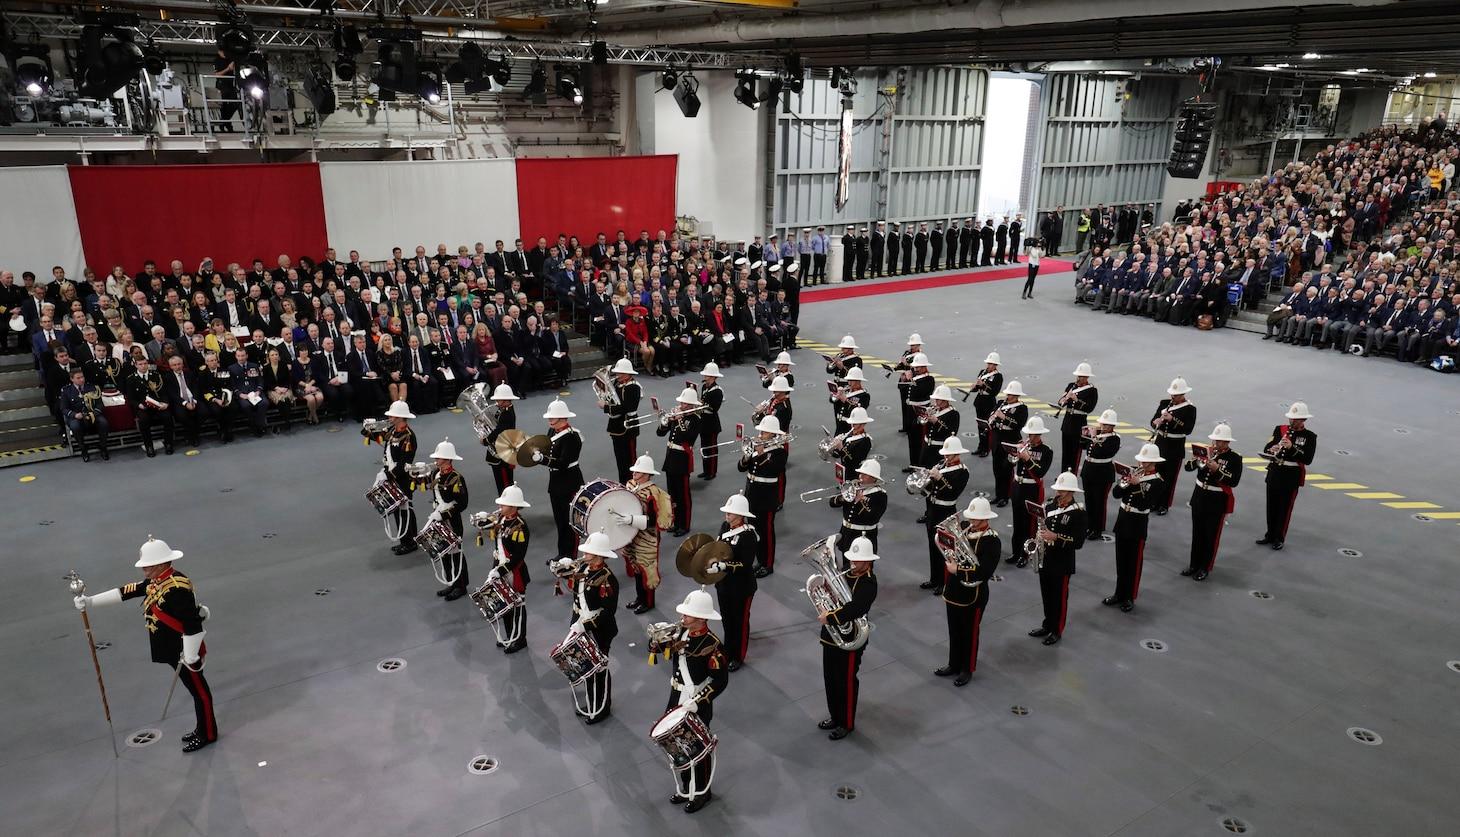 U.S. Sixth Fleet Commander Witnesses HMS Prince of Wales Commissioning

---

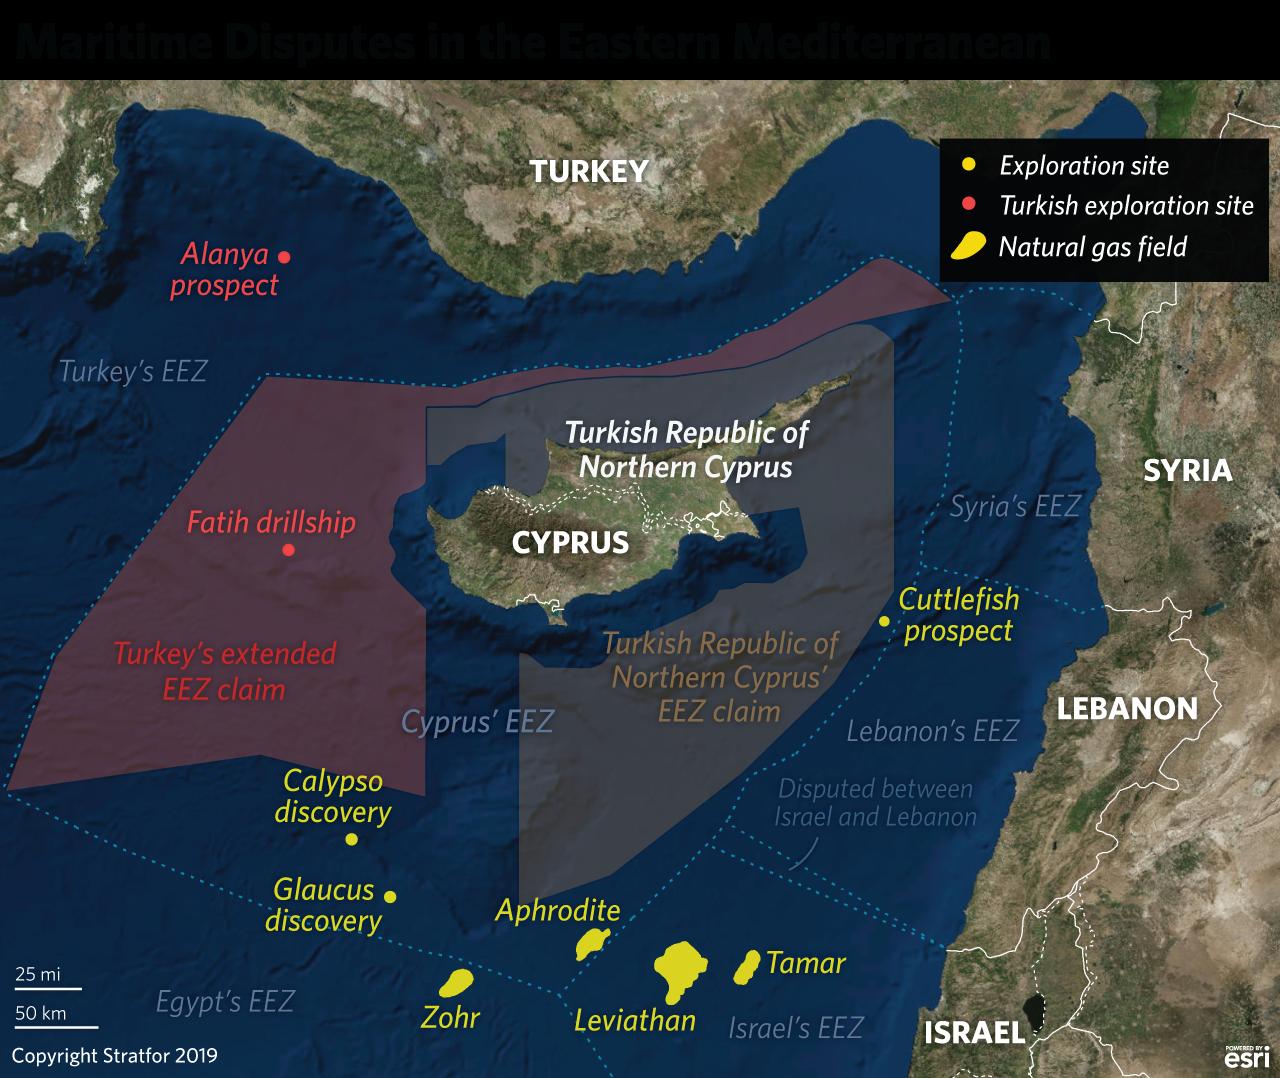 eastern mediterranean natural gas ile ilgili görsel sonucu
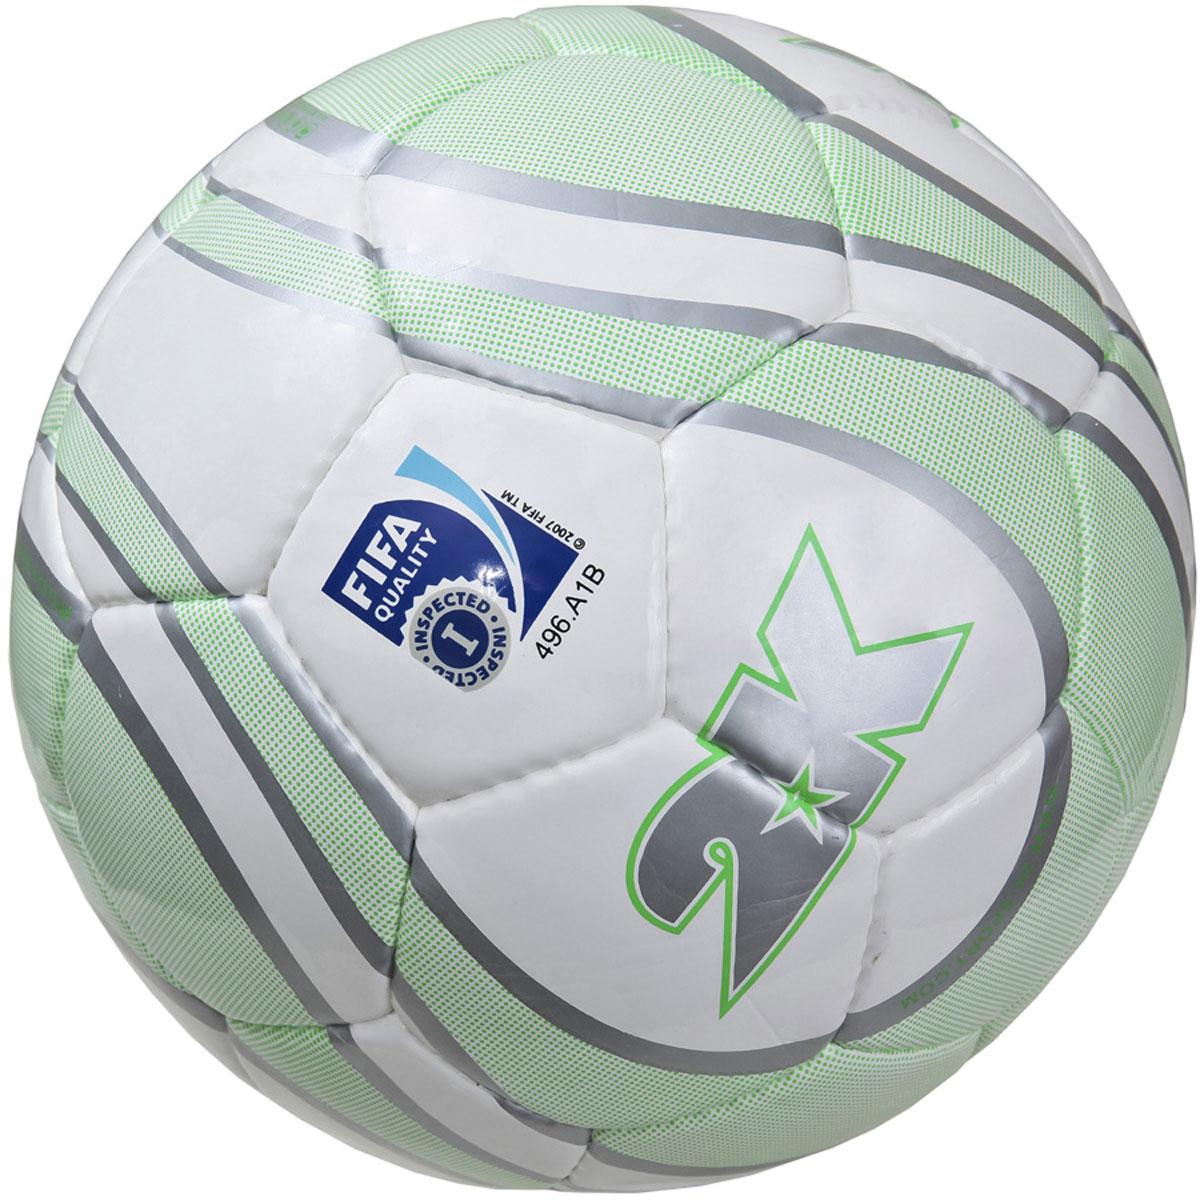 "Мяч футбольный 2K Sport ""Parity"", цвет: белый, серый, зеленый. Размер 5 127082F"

WHAT YOU WILL DO -> Copy everything above from the line holding "eastern mediterranean natural" down to the line holding "футбольный 2K Sport", both ends included, exactly as it stands and without the pictures.

EXERCISE OUTPUT ->
 eastern mediterranean natural gas ile ilgili görsel sonucu
 "Мяч футбольный 2K Sport ""Parity"", цвет: белый, серый, зеленый. Размер 5 127082F"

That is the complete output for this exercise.